For over 150 years, scientists have been exploring the role that protein plays in human anatomy and physiology. In the realm of sport and exercise nutrition, there is no topic that has received more attention or heated debate then protein (Antonio, 2007). It was first hypothesized in the mid 1800s by a man named Von Leibig that protein was the main source of fuel for muscular contractions (Von Leibig, 1842). However, this was later disproved in 1925; which lead most scientists to believe that protein needs were not affected by exercise (Cathcart, 1925). Shockingly, it has only been in the last 40 years that research has come to a middle ground in terms of protein as a source of energy. In general, protein is not a major fuel source for muscular contractions, but in certain circumstances protein and/or amino acids can play an important role in muscle metabolism and exercise performance (Antonio, 2007).


Essentials of protein
Protein, fat, and carbohydrates make up the “big three” (macronutrients) (Powers, 2007; Tortora, 2009; Antonio, 2007). Of these three, only fat and protein are essential nutrients (Powers, 2007; Tortora, 2009; Antonio, 2007).  Protein and carbohydrates are similar in the fact that they both have an energy density of four Kcals per gram (Powers, 2007; Tortora, 2009; Antonio, 2007). However, protein differs from carbohydrates and fats by the nitrogen atoms. The nitrogen atoms in protein are what give the name amino (nitrogen containing) to the amino acids (Powers, 2007; Tortora, 2009; Antonio, 2007). Protein contains the nine essential amino acids (Powers, 2007). Without these amino acids, the body cannot synthesize all the proteins needed for tissues, enzymes, and hormones (Powers, 2007; Tom, 2009). The body synthesizes the various proteins through numerous combinations of amino acids linked together by peptide bonds (Powers, 2007; Tortora, 2009; Antonio, 2007). In general, the body’s proteins are polypeptides that contain over 100 amino acids linked together (Antonio, 2007).
Amino Acids

Essential
  • Histidine
  • Isoleucine*
  • Leusine*
  • Lysine
  • Methionine
  • Phenylalanine
  • Threonine
  • Tryptophan
  • Valine*


Nonessential
  • Alanine
  • Arginine†
  • Asparagine
  • Aspartic acid
  • Cysteine†
  • Glutamic acid
  • Glutamine†
  • Glycine†
  • Proline†
  • Serine
  • Tyrosine†


*Branched chain amino acid
†Conditionally essential amino acid



A good illustration to understand the difference between essential and non essential macrontruients is to illustrate two islands with people stranded on each.
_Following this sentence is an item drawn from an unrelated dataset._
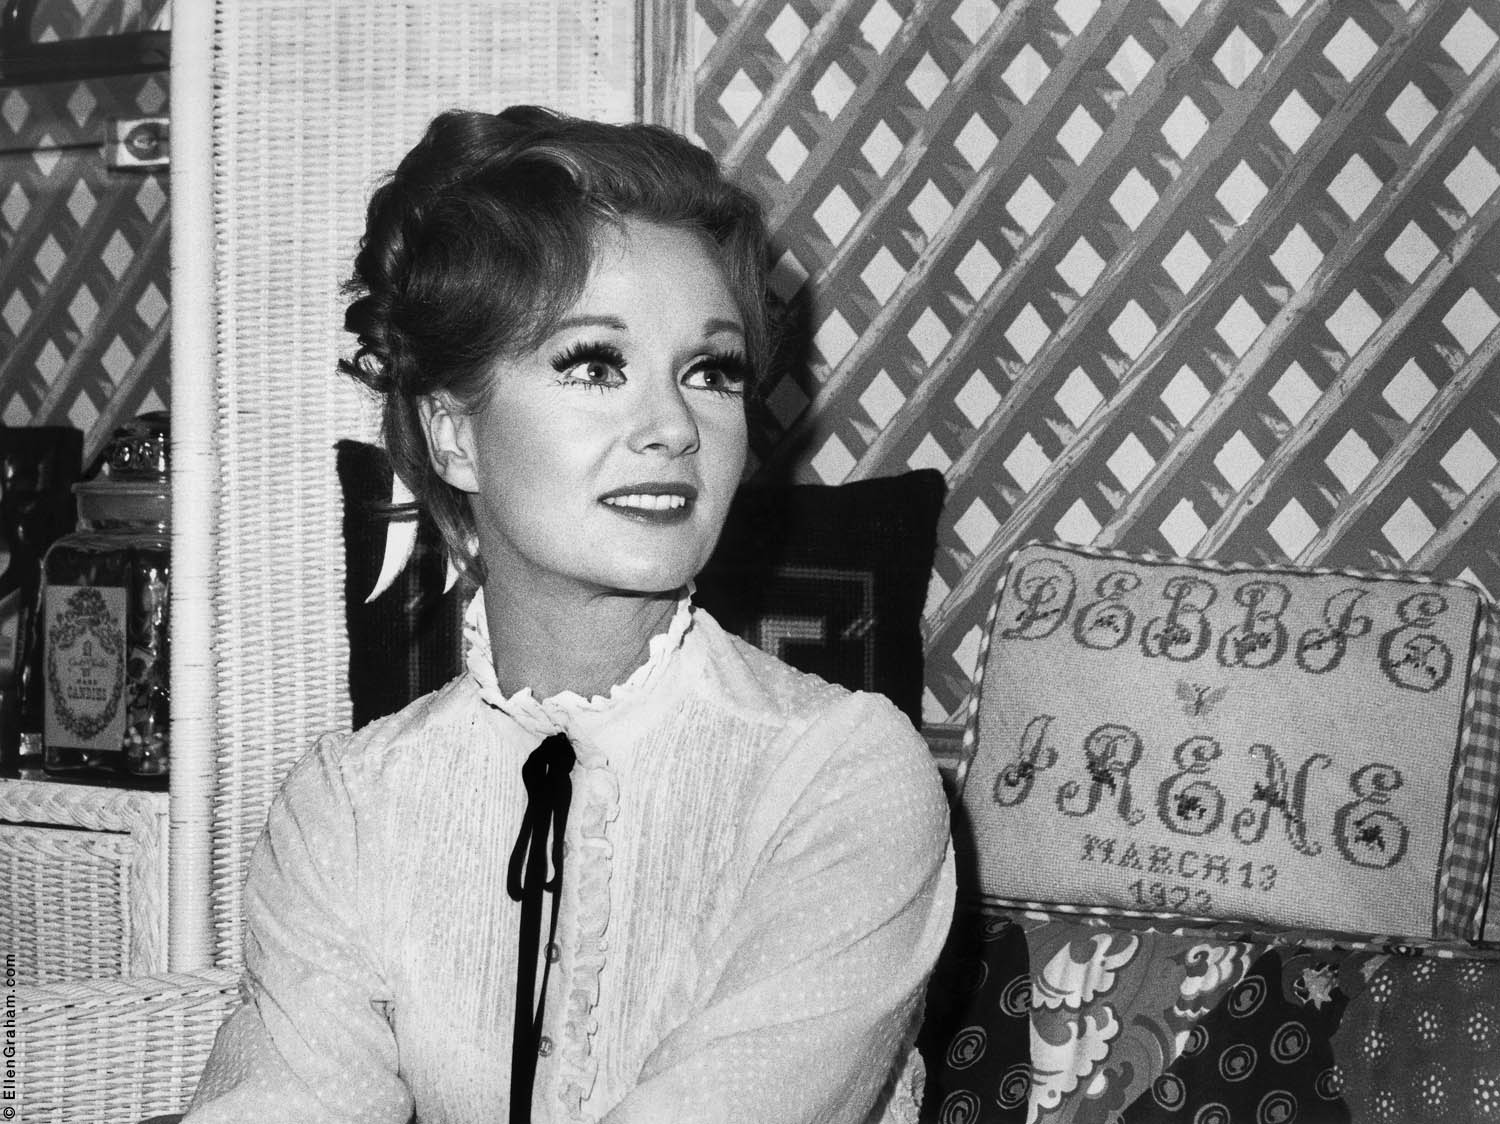 Debbie Reynolds, "Irene" Broadway Musical, New York, NY, 1973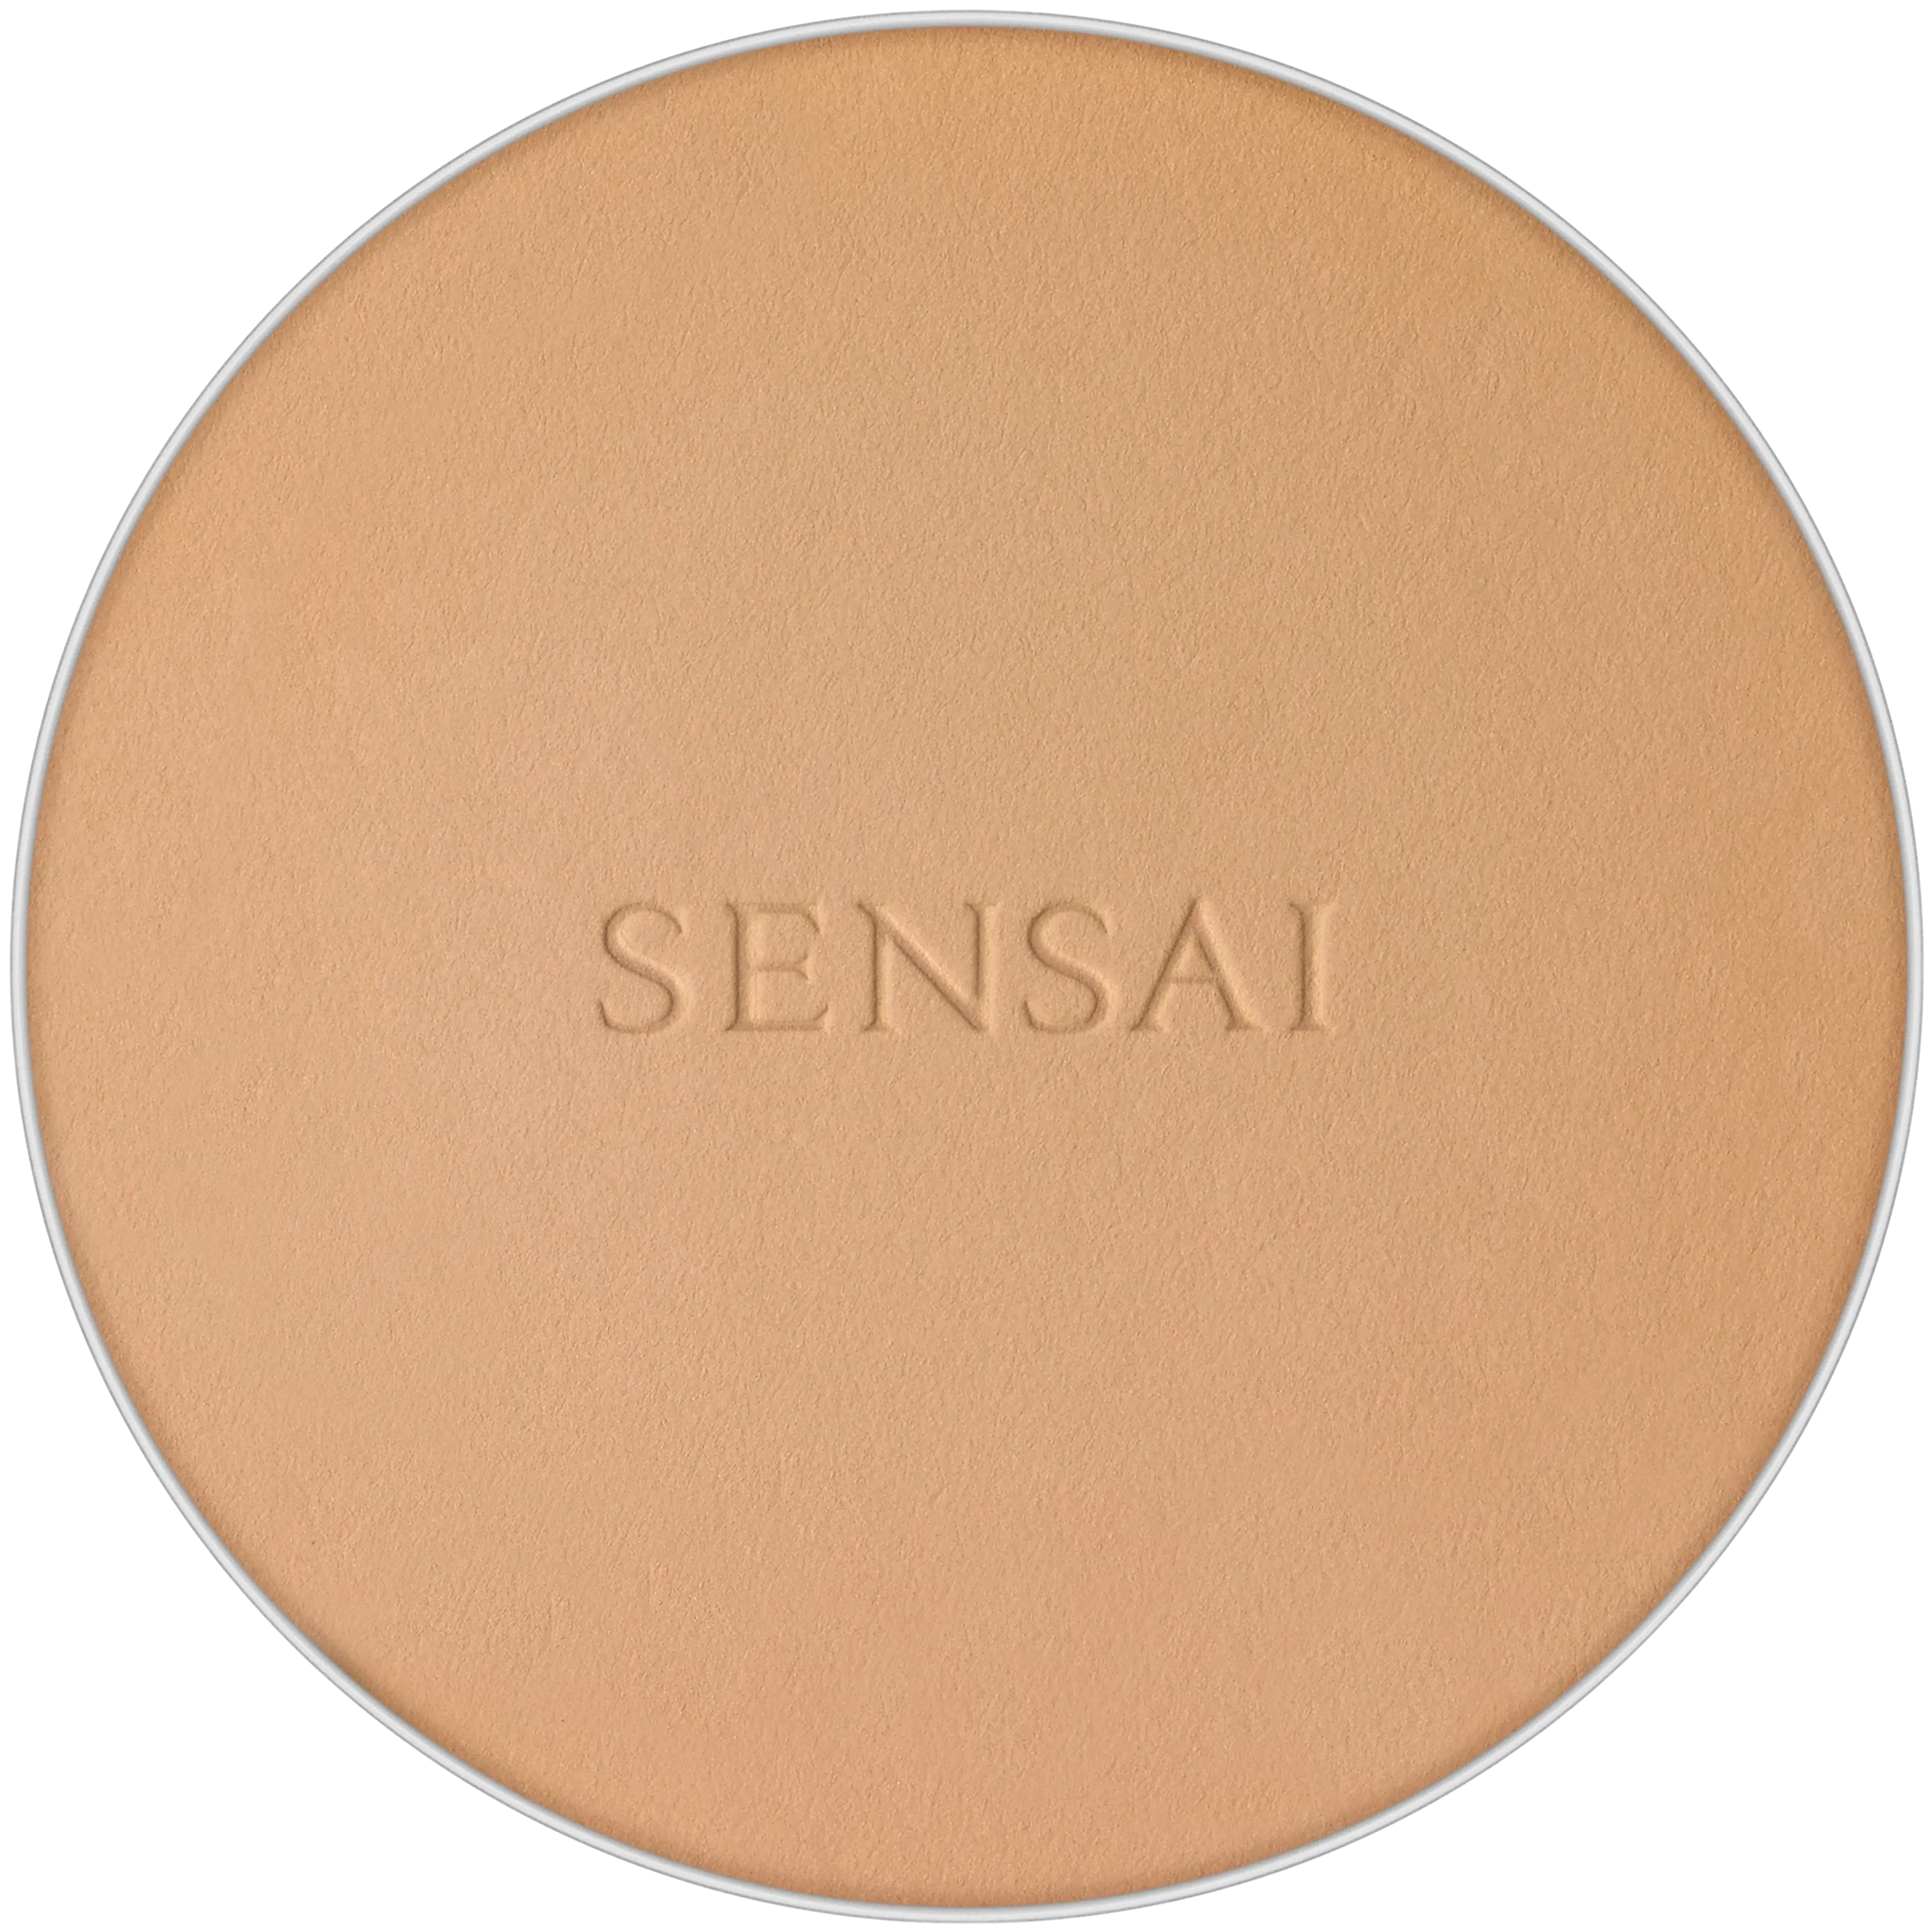 SENSAI Total Finish Refill SPF 10 meikkipuuteri 11g

On the first island, there is only carbohydrates, while on the second there are only fats and protein (this is impossible of course, but humor me for the sake of the illustration). In the first few days, people on both islands are feeling alright. This indicates they have no problems. However, if we came back to the islands a month or two later, the people on the carbohydrate only island would all be dead, and the people on the protein and fat only island would be fine, perhaps sluggish and tired.

Protein digestion
The process of protein digestion begins in the stomach. In the stomach, the proenzyme pepsinogen is converted into pepsin by hydrochloric acid (Tortora, 2009; Antonio, 2007). Pepsin works to fragment protein into smaller peptides and free amino acids by cleaving the peptide bonds that link amino acids together (Tortora, 2009; Antonio, 2007). Following the digestion in the stomach, the gastric juices enter into the small intestine where the pancreatic juices (trypsin, chrymotrypsin, carboxypeptidase, and elastase) and the brushborder itself (aminopeptidases, intracellular peptidases) complete the cleavage of the peptide bonds to produce absorbable amino acids (Tortora, 2009; Antonio, 2007). The absorbable amino acids are then absorbed from the lumen of the small intestine into the blood by either cotransporter or facilitated diffusion (Tortora, 2009; Antonio, 2007). The protein that is not absorbed is converted mostly to methane (Tortora, 2009; Antonio, 2007). Thus, further research has not found a maximum amount of protein that can be absorbed in a meal (Tortora, 2009; Antonio, 2007). However, the scientific community generally agrees that humans are capable of absorbing approximately 95% of animal protein and 85% of plant protein (Young, 1994).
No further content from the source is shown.